None of his concern? How could she say that? No man worth his salt would stand by and let another man bully a woman. A pregnant woman, at that. Maybe he had no claim on her, but
that didn’t mean he couldn’t stand up for what was right.
“I’m not leaving.” His eyes never left Mack’s. “I won’t interfere if you want to have more words with this yahoo, but you’ll have to do it with me here. I aim to see that Mr. Danvers keeps a lid on that temper of his.”
“That won’t be necessary,” she insisted, her fingers tightening a bit around his forearm. “I believe my business with Mr. Danvers is concluded. He could offer me five thousand dollars, and I’d still not give up my child.”
“You’re a fool, Clara.” A hardness came over Mack’s features, a hardness that made Neill’s insides go cold. “That boy belongs with me, and I won’t give up until he’s mine.” He turned from Clara to Neill, his mouth twisting into a smirk. “Your guard dog won’t be here forever.”
Neill’s hands balled into fists, but Mack took a step backward, easing himself off the porch.
“Oh, by the way,” he added nonchalantly when he reached his horse. “I’ve given orders for the Circle D hands to take turns watching over your place. I felt it my family duty.” He speared a quick glance at Neill. “I wouldn’t want any harm to come to you in your delicate condition, my dear.

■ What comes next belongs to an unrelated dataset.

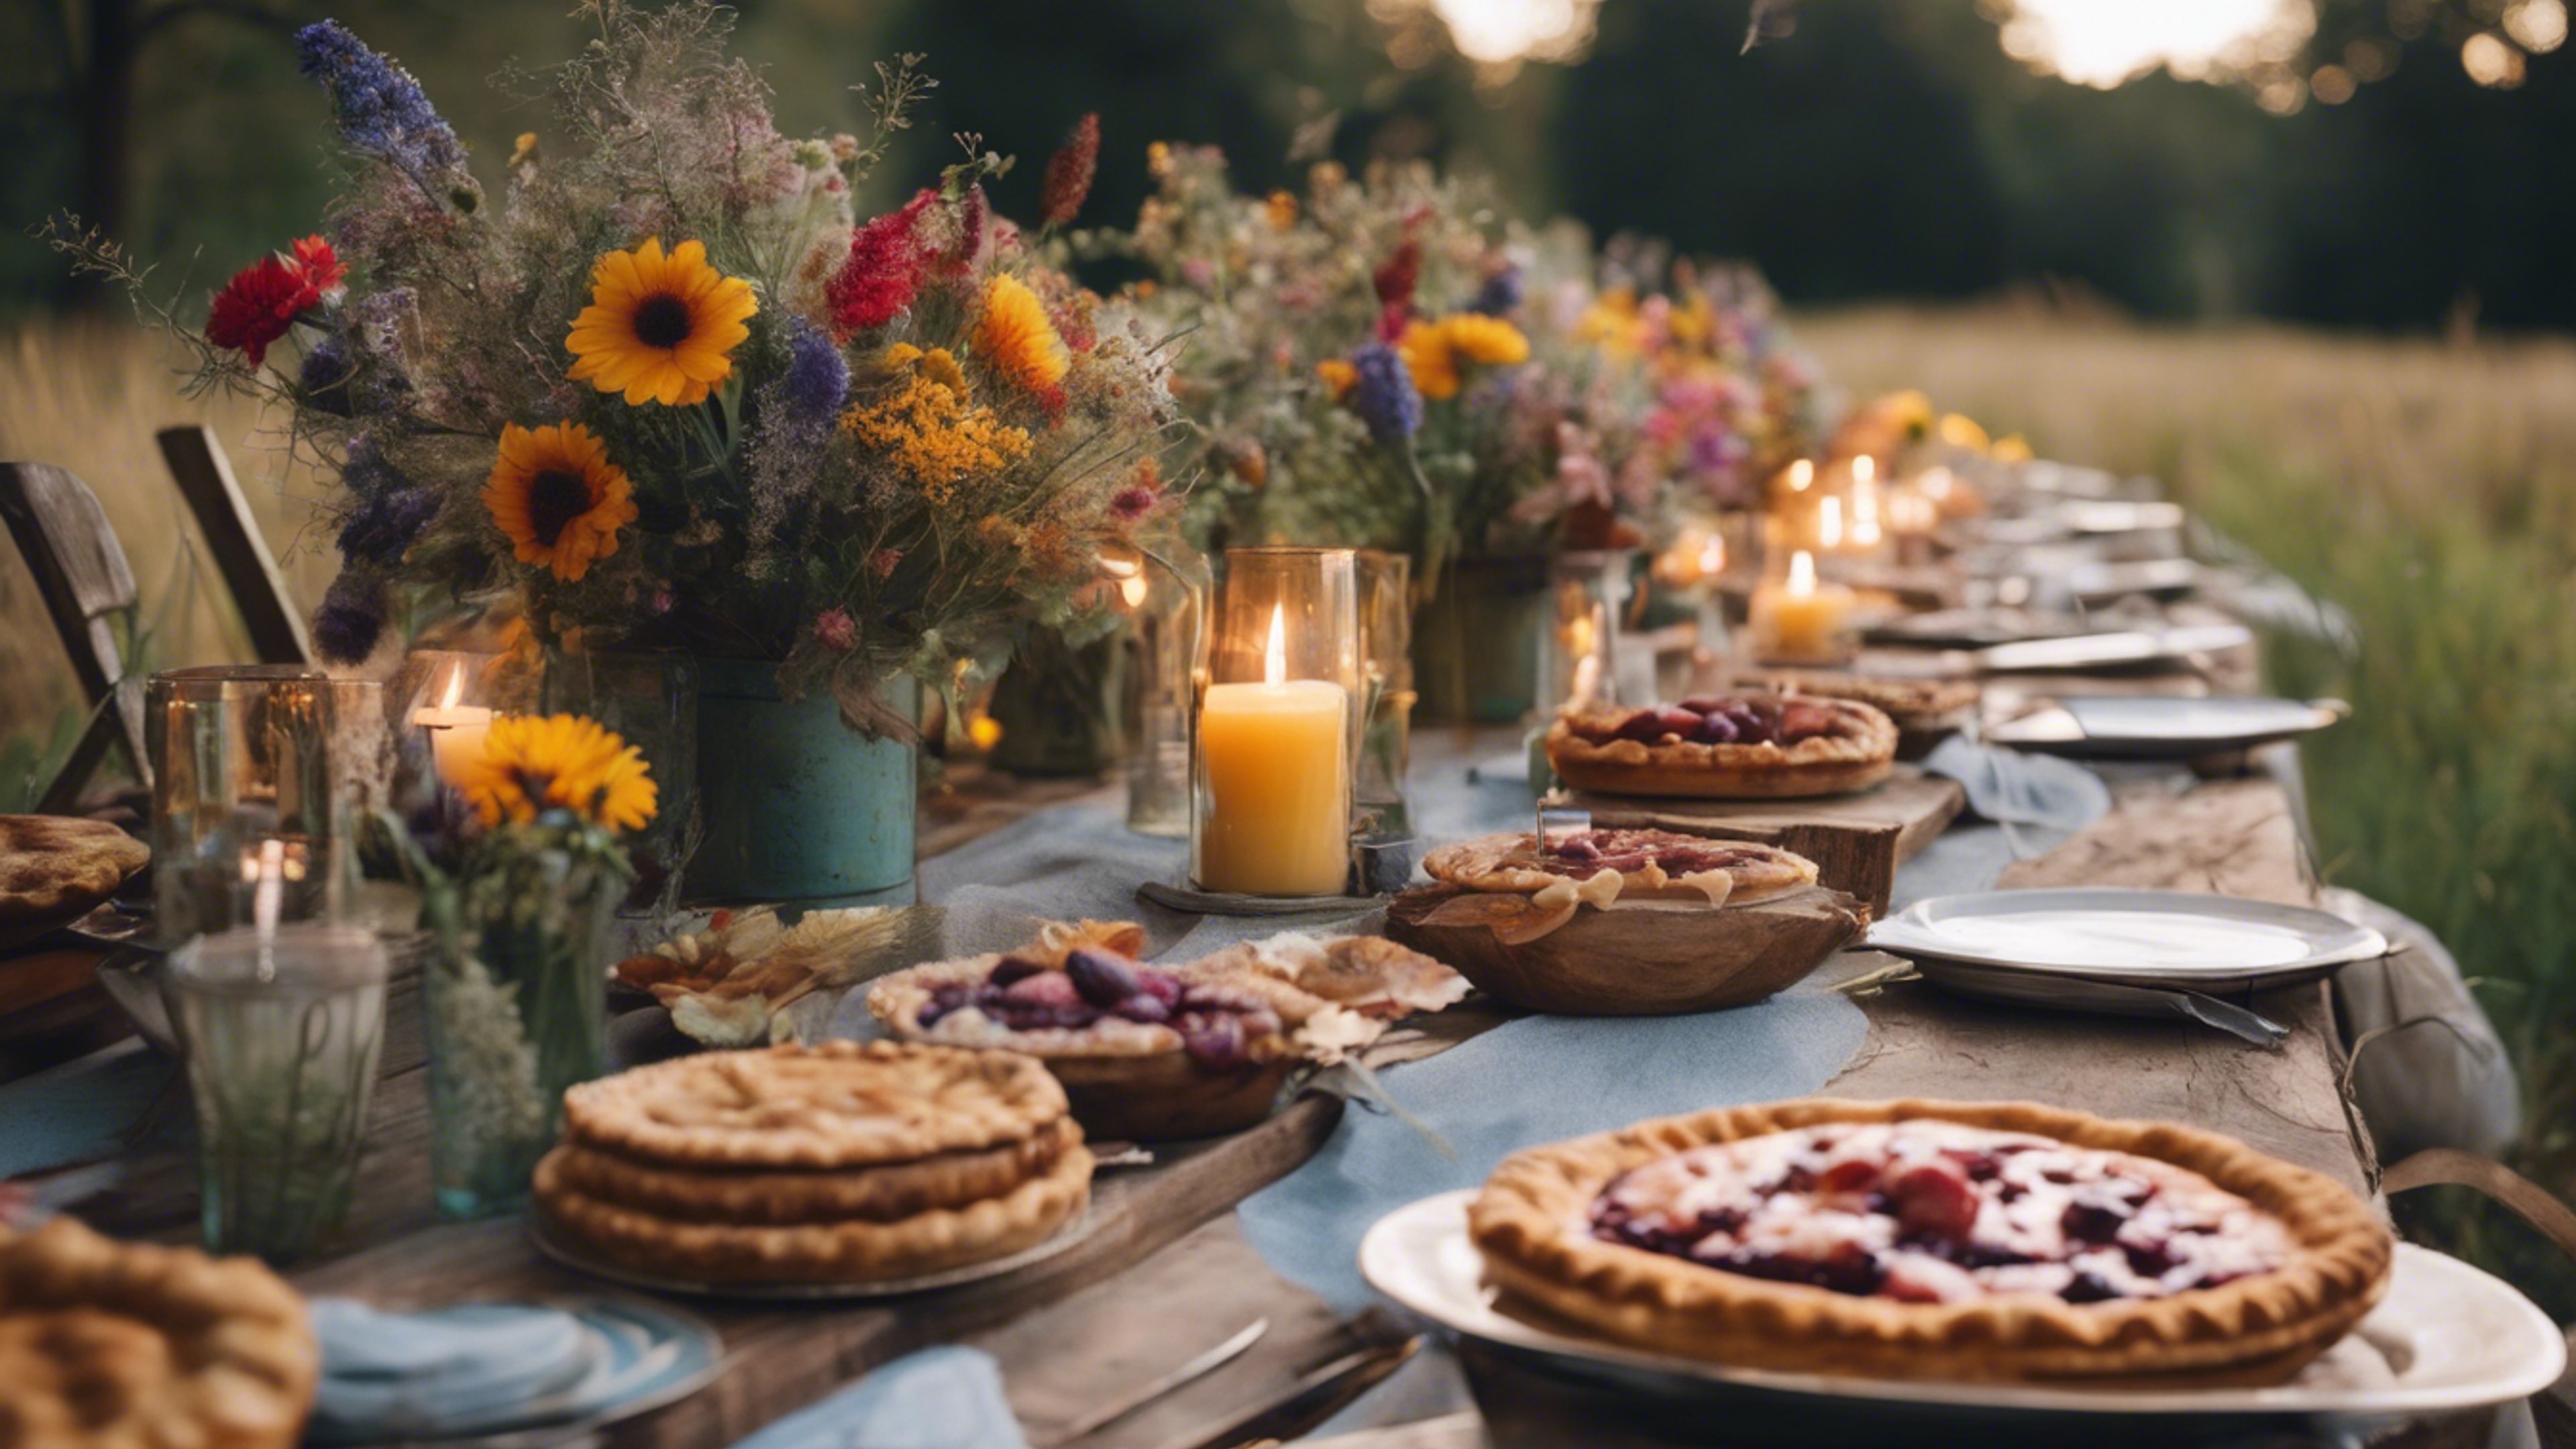 A rustic outdoor gathering; wooden tables covered with candles, homemade pies, and colourful wildflowers.壁紙[b624c356f7d649fa8c66]

And, of course, with my men close at hand, I’ll be sure to hear the happy news as soon as my grandson’s cry hits the air.”
Clara’s grip became a vise on Neill’s arm, and it was all he could do to stand still at her side when what he wanted was to pummel Mack Danvers into the dirt.
The man lifted his foot to the stirrup, mounted, and then saluted the two of them with an arrogant flick of his wrist before finally taking his leave.
Neill watched him go, the man’s words ringing in his ears: “Your guard dog won’t be here forever.” His gut clenched. Mack Danvers held all the cards. He could just wait Neill out. Wait for Clara to be vulnerable. Unprotected.
The roof was nearly finished, and Clara had yet to give him a list of chores. He might find a way to lengthen his stay by a day or two, but what then? What would become of Clara and her baby when he left?